Casa

Cielito, ¿qué es esa nueva luz que sale de tus ojos y se refleja en toda la cocina?-, preguntó mi casa, ayer domingo, cuando en la noche nos quedamos a solas.

-Esa luz es nueva, ¿verdad? ¿la habías visto antes? yo tampoco-, contesto.

Casa me mira curiosa, mientras yo recostada cierro los ojos, suena una canción y pienso en auroras boreales.

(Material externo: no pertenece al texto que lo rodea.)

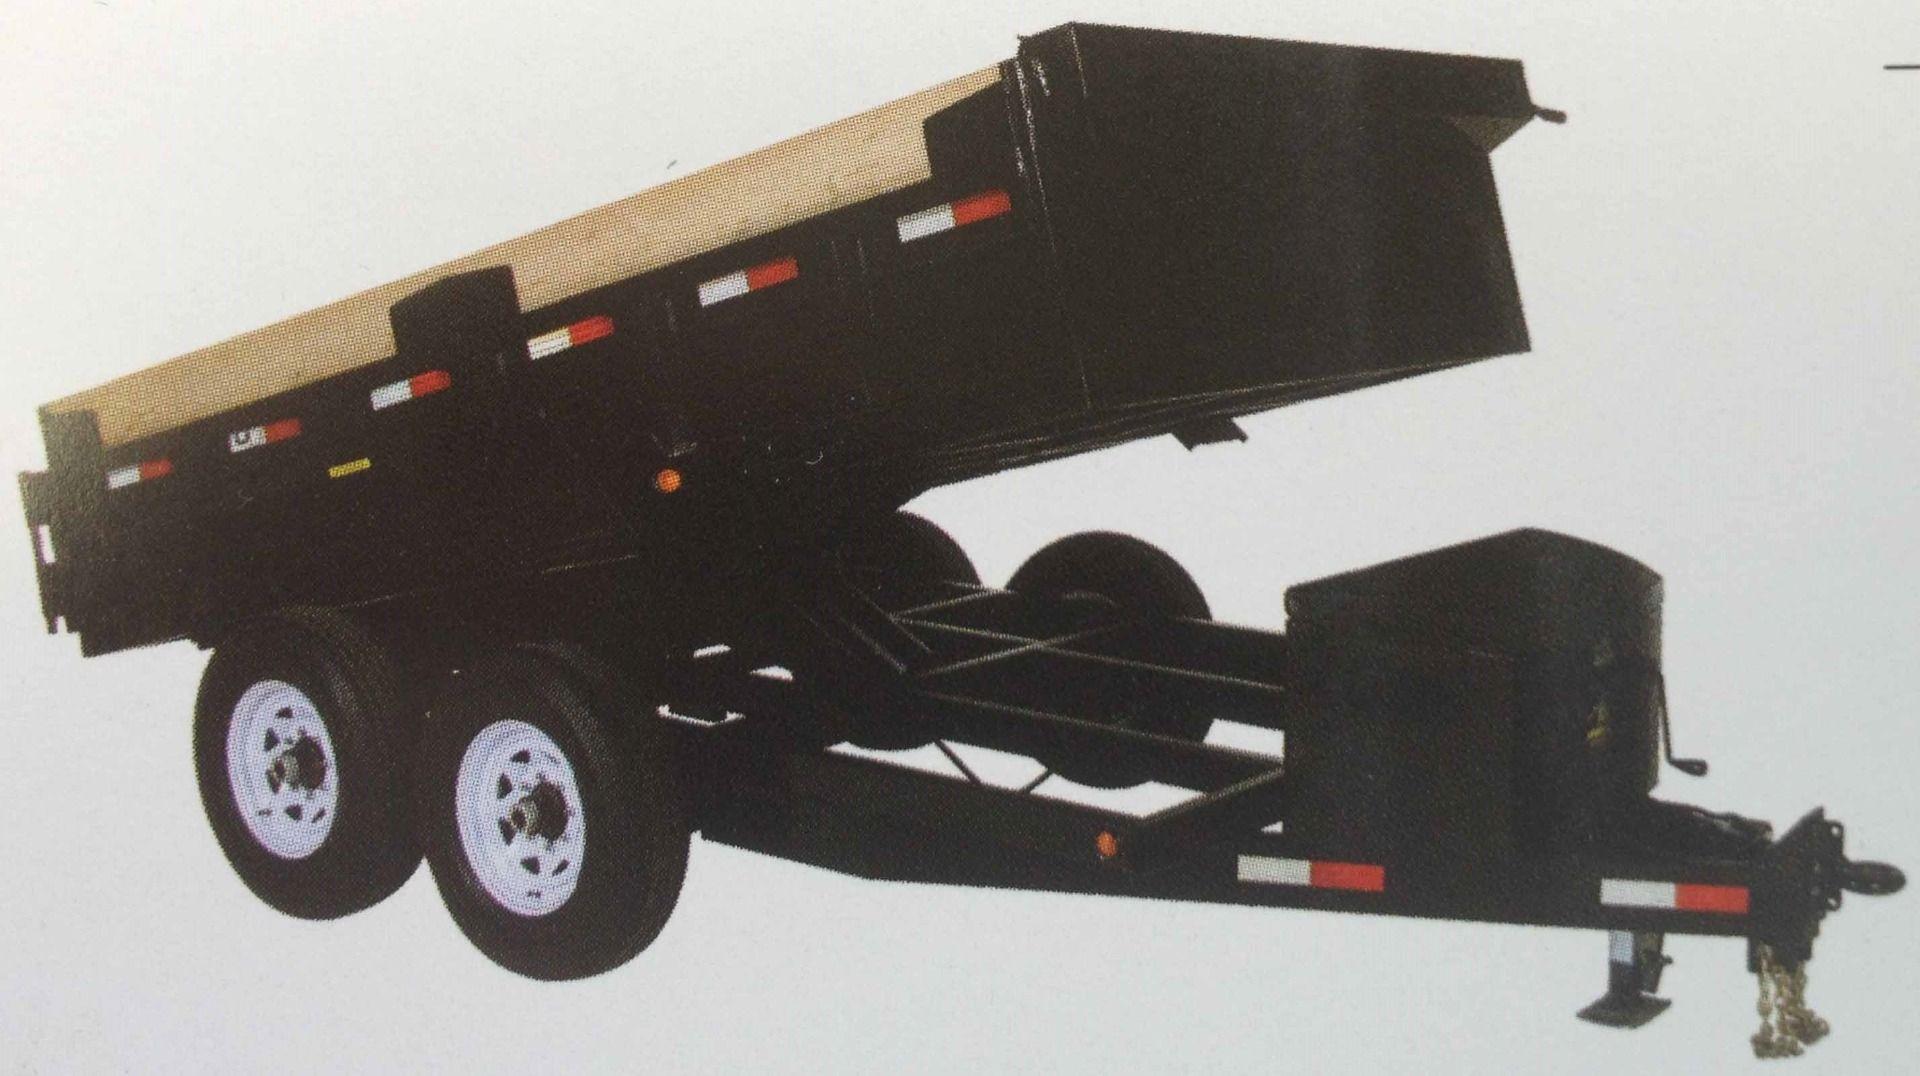 Medium Duty Dump Tandem Trailer MDD510 by JDJ (5' W x 10' L)

-Pst Pst -me despierta Casa –¿qué pasa que ahora tu habitación se ha convertido en mi corazón? ¿por qué escucho tantas risas? ¿quién viene ahora y pregunta por el pasto, por el baño descompuesto? ¿es quien también te acaricia el pelo y te hace reír hasta sonar en todas mis esquinas y mover todos mis cuadros?

Abro los ojos, escucho a Casa y sonrío. Contesto que sí y no sigo más.

Ayer vi flores en la mesa y una flor de lavanda. Amo la lavanda; el aroma hace cosquillas en mis muros. Dime, ¿eres feliz? -Casa insiste.

-Sí-. Contesto sonriendo y me doy cuenta que ese calor que Casa siente, es lo que pasa cuando por fin un sitio habitable se transforma en hogar.